В этом удивительном доме я была однажды, когда в середине марта 1989 года группа волгоградских литераторов приехала во Фролово на шестидесятилетний юбилей Евтушенко. Само торжество, хорошо продуманное и горделивое, при полном зале местного и приезжего народа проходило в районном ДК. Об отношении юбиляра к себе и его безусловной популярности у фроловчан говорило многое: вереница дарителей-поздравителей, зачитывание телеграмм со звучными подписями, казачьи танцевальные вихри с гиканьем и сабельным звоном, короткие, но смысленые рассказы о творческом пути, подаваемые Анатолием Григорьевичем как бы от некуда деться, – простите за нескромность, но ведь юбилей! Оно и в самом деле так.
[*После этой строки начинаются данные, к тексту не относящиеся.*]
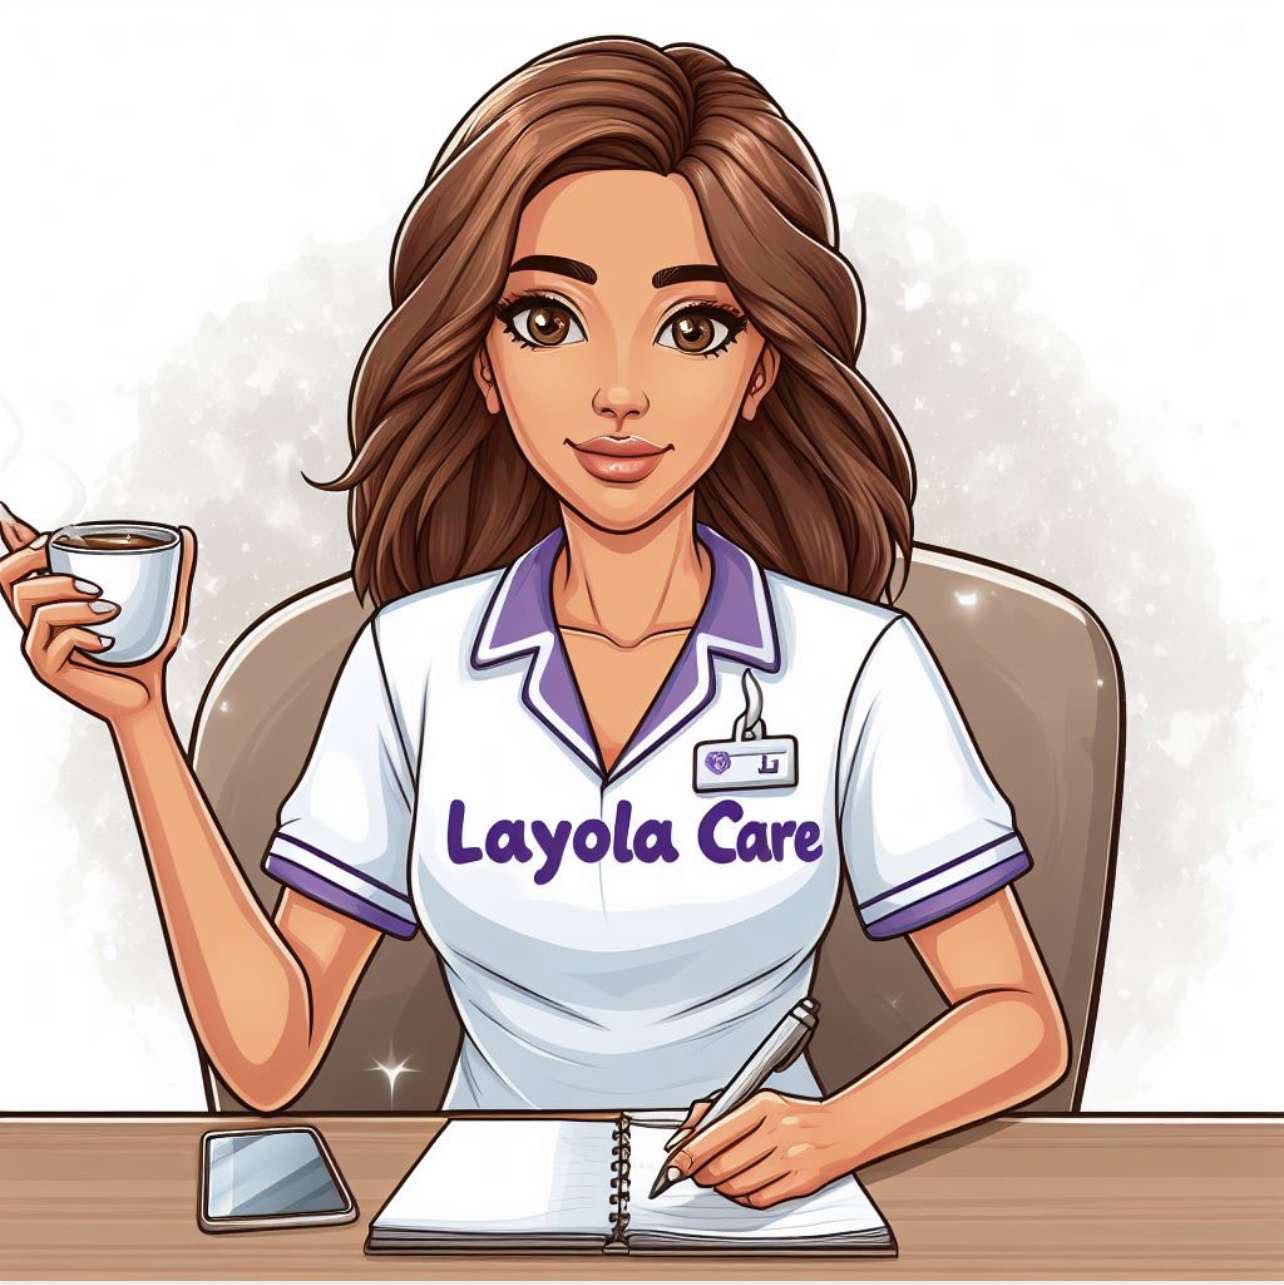 Layola Care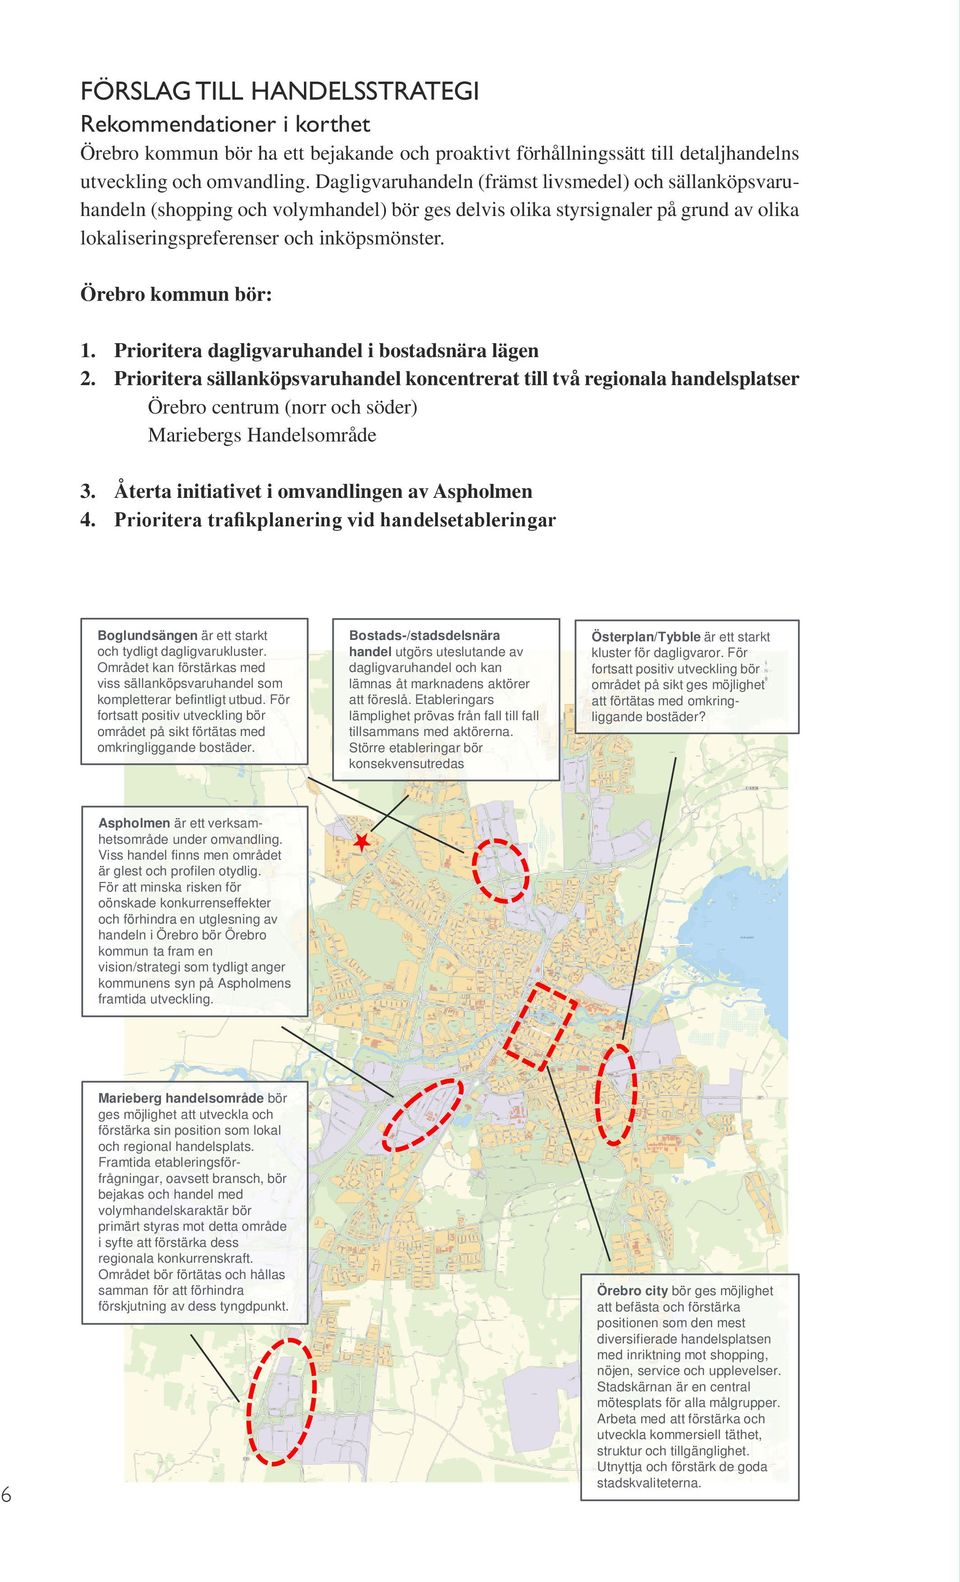 Örebro kommun bör: 1. Prioritera dagligvaruhandel i bostadsnära lägen 2.

Сидя в зале, мы любовались виновником торжества – крупным, улыбчивым, уверенным в себе человеком, который и с Евгением Халдеем дружил, и с Константином Симоновым встречался накоротке, и с Ильей Эренбургом был знаком, корректировал свою трудовую биографию согласно советам знаменитого авиаконструктора Туполева, композитора Пономаренко называл Гришей, а громкого своего однофамильца – просто Женей. Славных имен называлось много, и я диву давалась неожиданной обширности житейского и творческого поля, в пространствах которого так легко обретался наш скромный, казалось бы, друг и литератор. Пишу об этом без иронии, потому что так оно и было, лишь я мало знала о судьбе юбиляра в те годы. Считалось, что районный журналист Евтушенко трансформировался естественным образом в сочинителя приключенческих книг, пописывал стишки, занимался драматургией. Накопив солидный багаж книжных, журнальных, газетных публикаций, удостоился в 1984 году членства Союза писателей СССР. К этому времени было ему уже 55 лет. По мнению одних – поздновато (при таких-то связях и знакомствах), по мнению других – судьба знает кому, когда, за что и сколько.
Но вернемся к знаменитому евтушенковскому дому с мезонином, где гулялась неформальная часть юбилея. Огромный, как белокрылый сказочный гусь, дом словно бы плыл по мартовской улице в окружении серых невзрачных утиц. Сегодня мы вдоволь нагляделись на крутые коттеджи новой русской буржуазии, а тогда – извините! Просторная застекленная веранда была уставлена не то кадками, не то жбанами с зеленеющими в них кустами и деревцами натурального природного происхождения. Конечно, не зимний сад, но все же… Это впечатляло! Вошли в дом. Гостевой зал с камином, сплошь зашитый гладкоструганым деревом, украшен охотничьими трофеями, выкруглен по периметру праздничными столами. На мангале, вмонтированном в камин, уже шипели и дразняще пахли шашлыки.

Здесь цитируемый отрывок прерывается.